1. Field of the Invention
The present invention relates to a card-edge connector and a card member for an electronic apparatus and more particularly to a card-edge connector and a card member allowing a minimum of defective contact to occur and allowing a minimum of impurities to deposit on the contact points of contacts.
2. Description of the Background Art
A conventional card-edge connector applicable to various electronic apparatuses is generally made up of a card member with a printed circuit board and a connector affixed to a board, which is included in an electronic apparatus. The card member includes a circuit board, a plurality of card-edge electrodes arranged on the circuit board, and solder resist surrounding the card-edge electrodes. The connector includes a housing for receiving the card member and contacts corresponding one-to-one to the card-edge electrodes.
The conventional card-edge connector described above is superior in electric characteristic to, e.g., a two-piece connector because the card member, which plays the role of one connector, does not have any contact and is relatively short as a contact.
Today, to meet the increasing demand for the dense arrangement of card-edge electrodes, a distance between nearby card-edge electrodes as small as 1 mm or below, e.g., 0.5 mm is required. In this respect, the above conventional card-edge connector has the following problems left unsolved. When the card member is shifted or inclined when inserted into the connector, the contact points of the contacts are shifted from the card-edge electrodes, failing to establish electrical, connection. Further, the card-edge electrodes cannot be extended to the edge of the circuit board for production reasons. In this condition, when the card member is inserted into the connector, the contact points of the contacts rub the surface of the circuit board or the solder resist. As a result, impurities are apt to deposit on the contact points of the contacts.
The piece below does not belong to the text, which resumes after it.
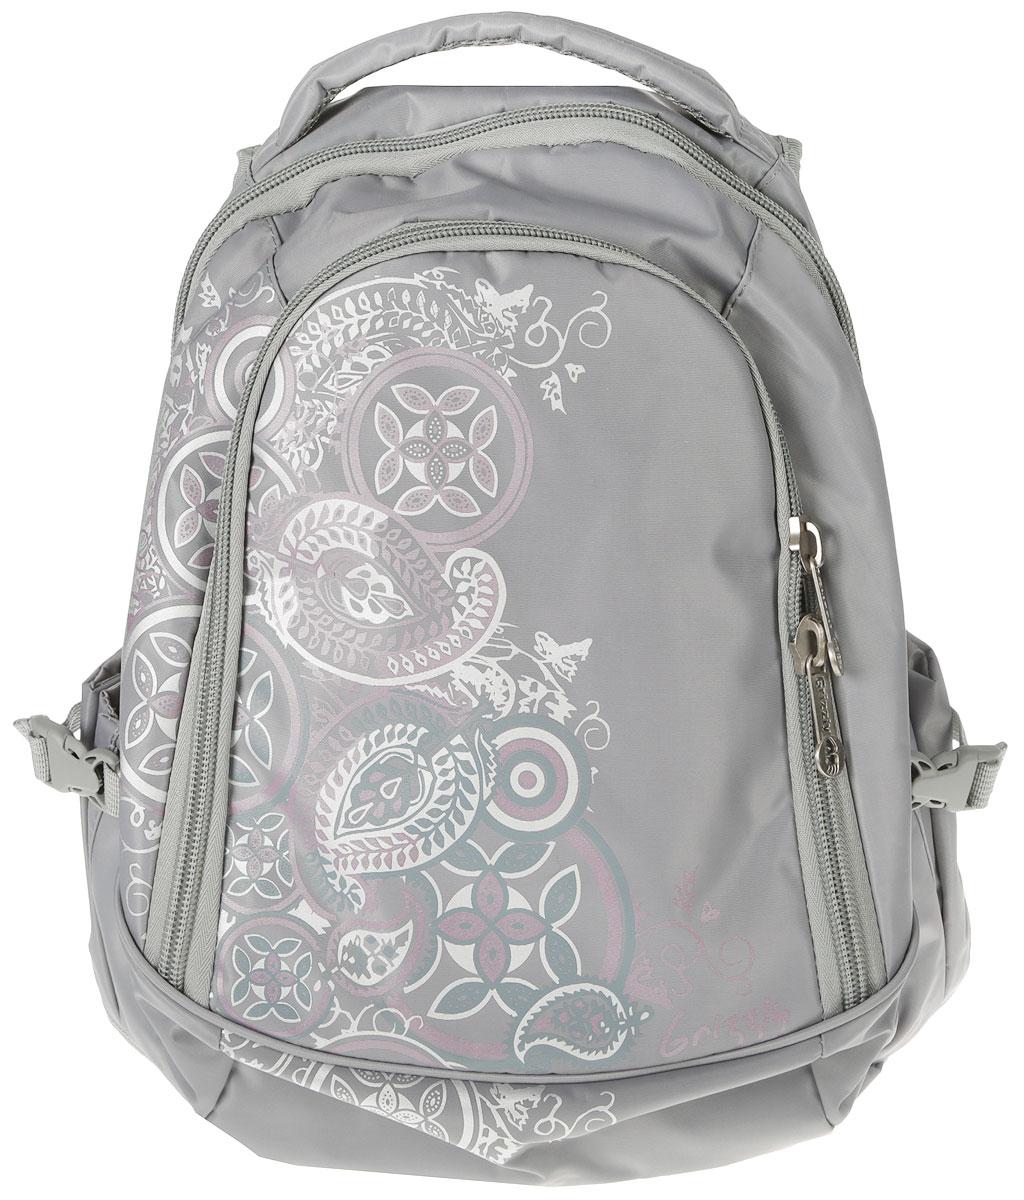 Рюкзак молодежный женский Grizzly, цвет: серый, сиреневый, белый, 14,5 л. RD-643-2/5RD-643-2/5_сиреневыйЖенский рюкзак Grizzly изготовлен из полиэстера и имеет два главных отделения, закрывающиеся на застежки-молнии, боковой карман, внутренний карман на молнии, внутренний карман-пенал для карандашей. Рюкзак с анатомической спинкой оснащен двумя широкими мягкими лямками регулируемой длины и удобной короткой ручкой.

Technologies relating to the present invention are disclosed in, e.g., Japanese Patent Laid-Open Publication No. 7-231153.
A conventional card-edge connector is shown in FIGS. 1A and 1B. As shown, the card-edge connector is made up of a card member 40A and a connector 40B provided on a board, which is affixed to, e.g., an electronic apparatus not shown. The card member 40A includes a printed circuit, not shown, and an electrode portion 40C that adjoins one edge of the card member 40A. The electrode portion 40C includes a plurality of card-edge electrodes 42 formed on a circuit board 41. Solder resist 43 surrounds the card-edge electrodes 42. The edge of the circuit board 41, adjoining the electrode portion 40C, is formed with a taper 46. The card-edge electrodes 42, solder resist 43 and taper 46 are formed on both sides of the circuit board 41.
The connector 40B on the board side includes a housing 44 for receiving the card member 40A and contacts 45 corresponding one-to-one to the card-edge electrodes 42. The housing 44 is formed with guides 44a and 44b for guiding opposite side edges 41A and 41b of the card member 40A when the card member 40A is inserted into the housing 44.
When the card member 40A is inserted into the connector 40B, the guides 44a and 44b guide the side edges 41a and 41b of the card member 40A until the electrode portion 40C has been electrically connected to the connector 40B. As shown in FIGS. 2A and 2B, in the engaged condition, the contact points of the contacts 45 of the connector 40B get on the card-edge electrodes 42 of the card member 40A to thereby establish electrical connection.
The conventional card-edge connector 40 described above has the following problems when consideration is given to the current trend toward the dense arrangement of card-edge electrodes, e.g., a distance between card-edge electrodes as small as 1 mm or less, e.g., 0.5 mm.
First, as shown in FIG. 1A, when the card member 40A is inserted into the connector 40B, it is likely that the card member 40 is shifted or inclined because the side edges 41a and 41b of the card member 40A lack dimensional accuracy. As a result, the contact points of the contacts 45, FIG. 2B, are shifted from the card-edge electrodes 42 and caused to get on the solder resist 43 or the surface of the circuit board 41, failing to establish electrical connection. Further, assume that the card-edge electrodes 42 are densely arranged in the electrode portion 40C at a small pitch. Then, even if the card member 40A is inserted into the connector 40B in an accurate position, the card-edge electrodes 42 and contacts 45 are shifted from each other little by little as a distance from a reference position increases although they may be accurately aligned at the reference position. The contacts noticeably shifted from the card-edge electrodes 42 would miss the card-edge electrodes 42 and would thereby bring about defective contact.
Second, the card-edge electrodes 42 cannot be extended to the edge of the circuit board 41 for production reasons. In this condition, when the card member 40A is inserted into the connector 40B, the contact points of the contacts 45 rub the surface of the circuit board 41 or the solder resist 43. As a result, impurities are apt to deposit on the contact points of the contacts 45.